AIM OF THE EXERCISE: All of the data, except its images, should be set down exactly as it appears.

MATERIAL PROVIDED:
* * * * * * *

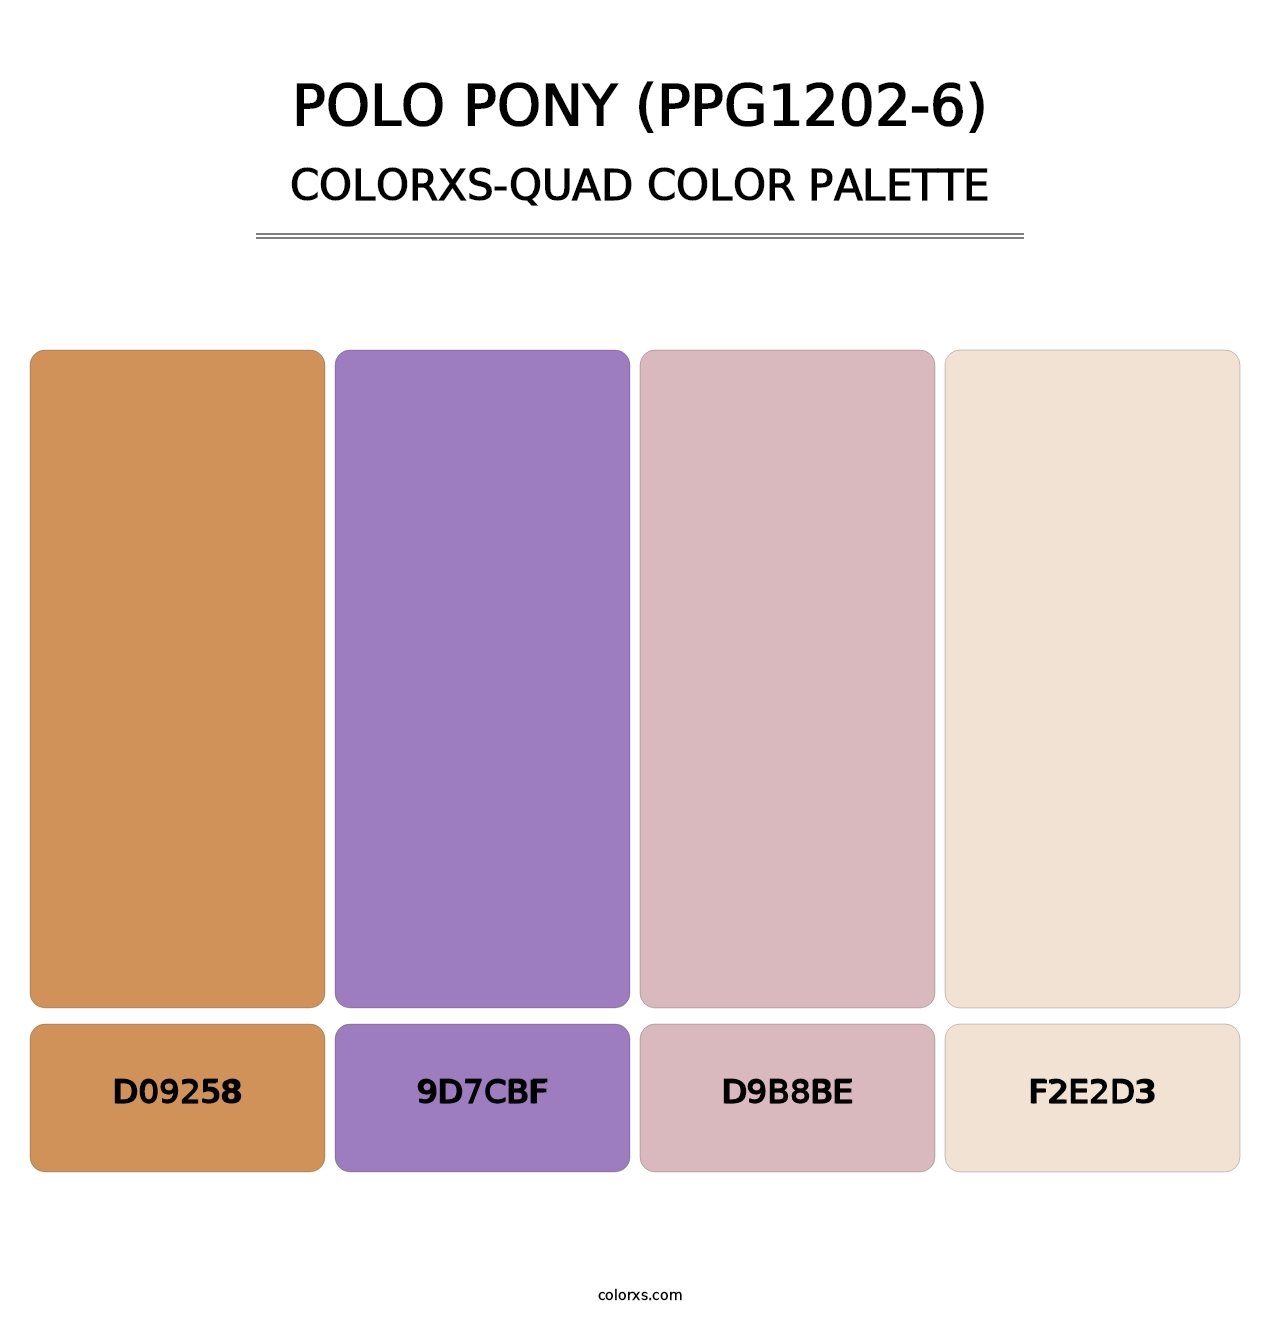 Polo Pony (PPG1202-6) - Colorxs Quad Palette
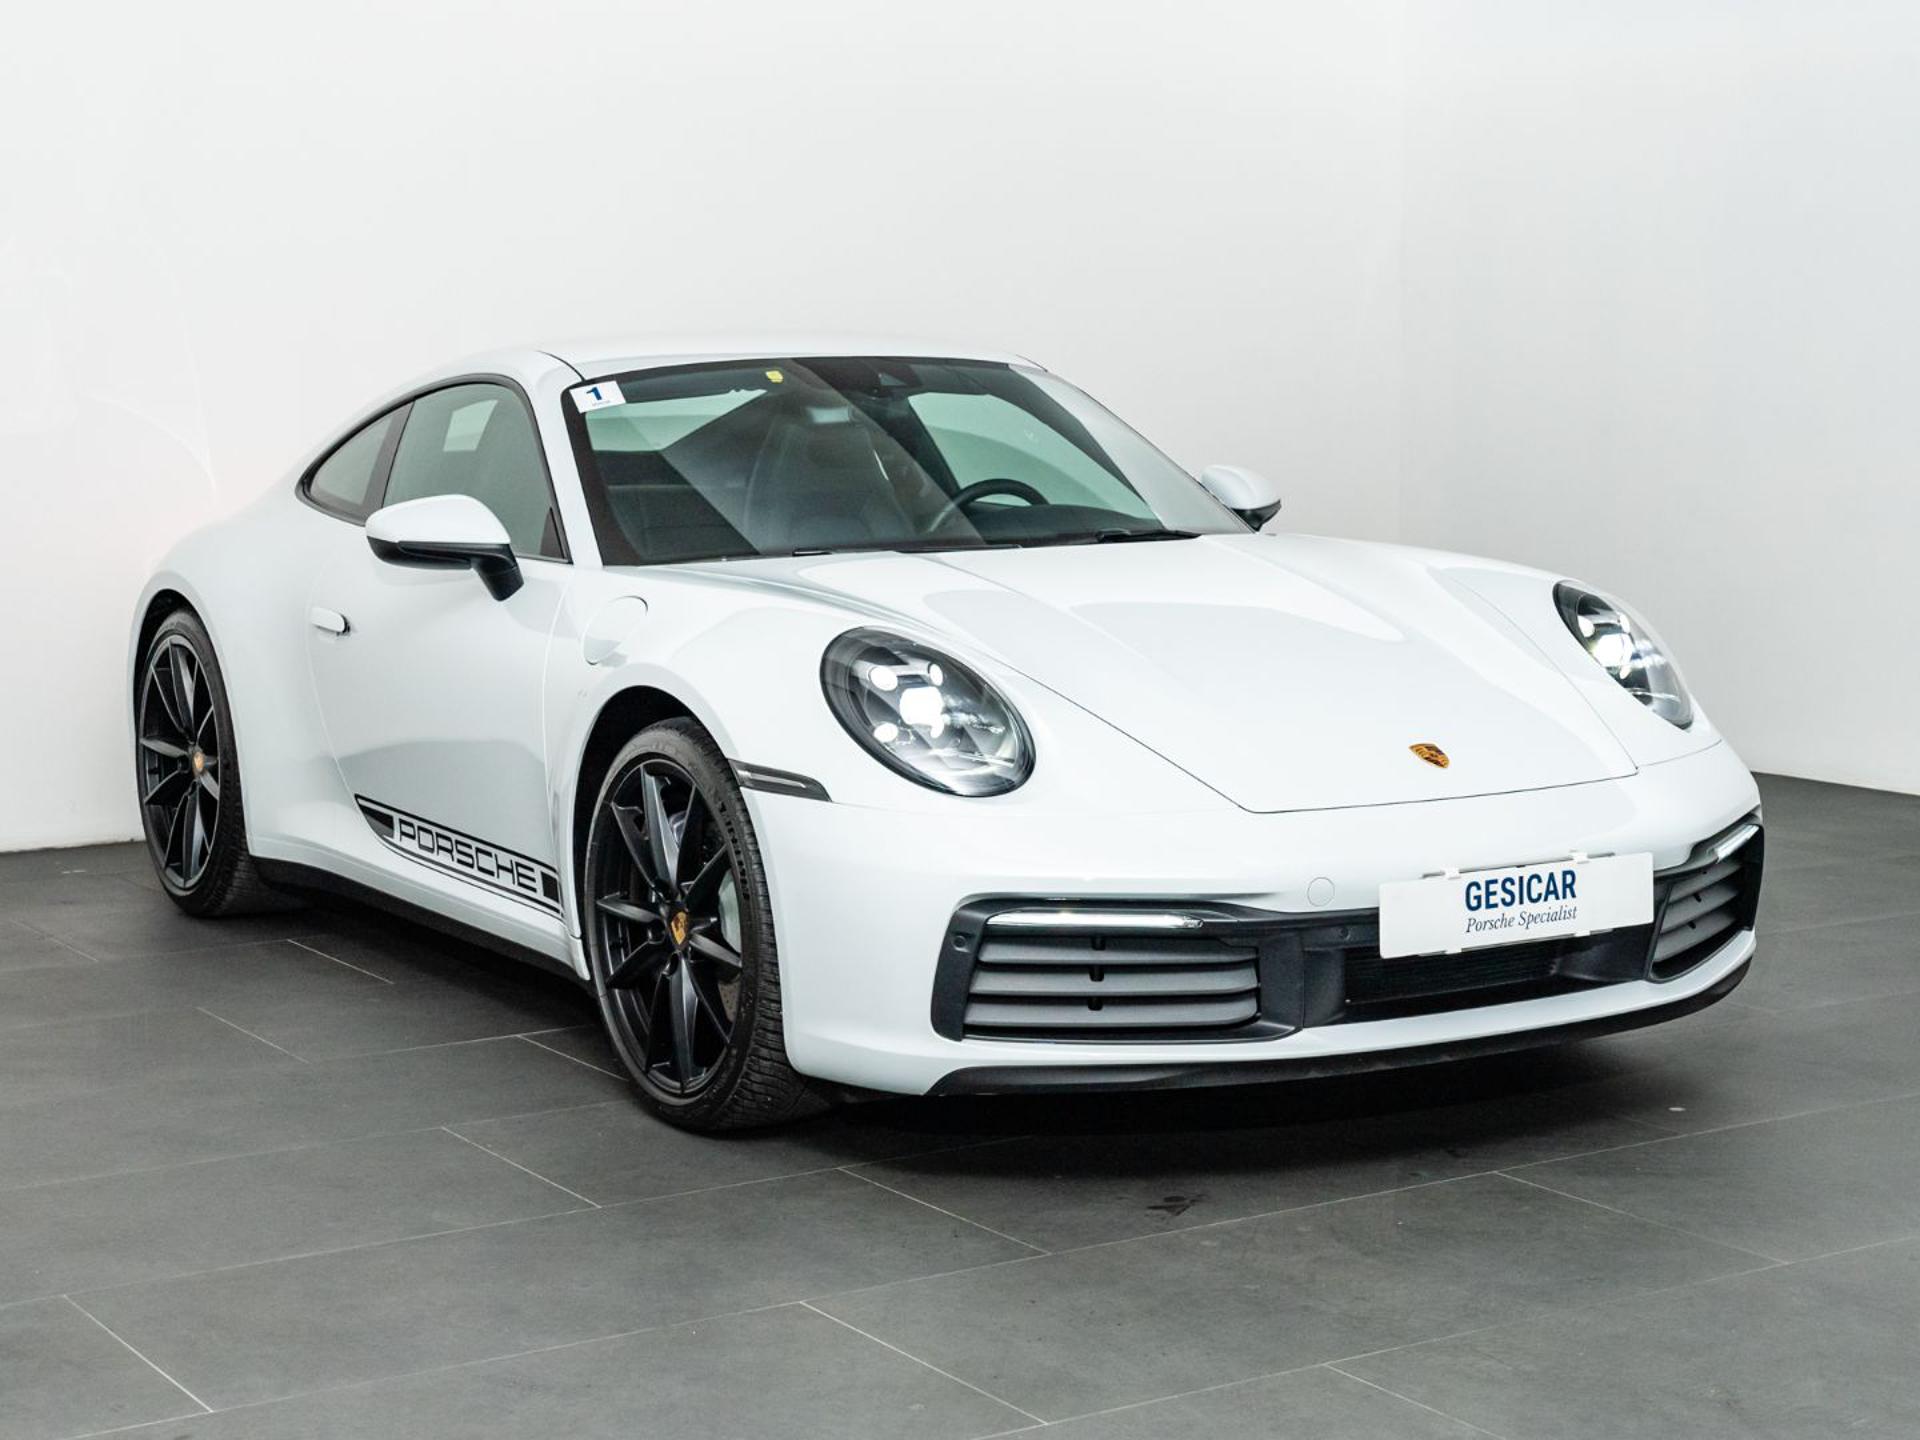 Gesicar, acquista o vendi la tua Porsche nuova o usata a Livorno.
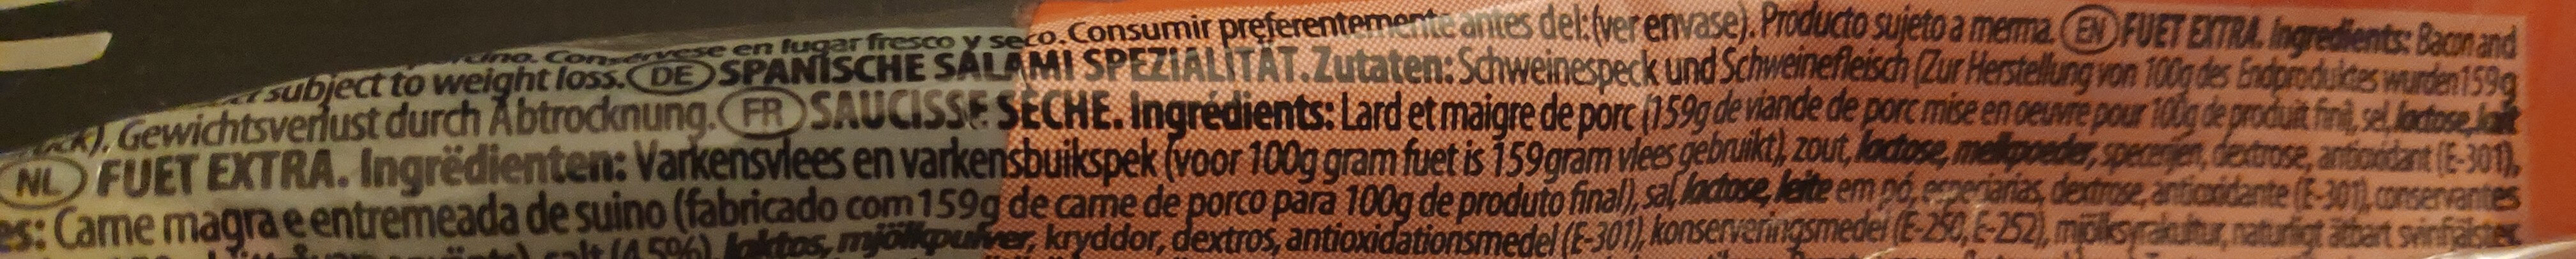 Argal Fuet Tradición - Ingredients - nl

* * * * * * *

OUTPUT BELOW:
 Polo Pony (PPG1202-6) - Colorxs Quad Palette
 Gesicar, acquista o vendi la tua Porsche nuova o usata a Livorno.
 Argal Fuet Tradición - Ingredients - nl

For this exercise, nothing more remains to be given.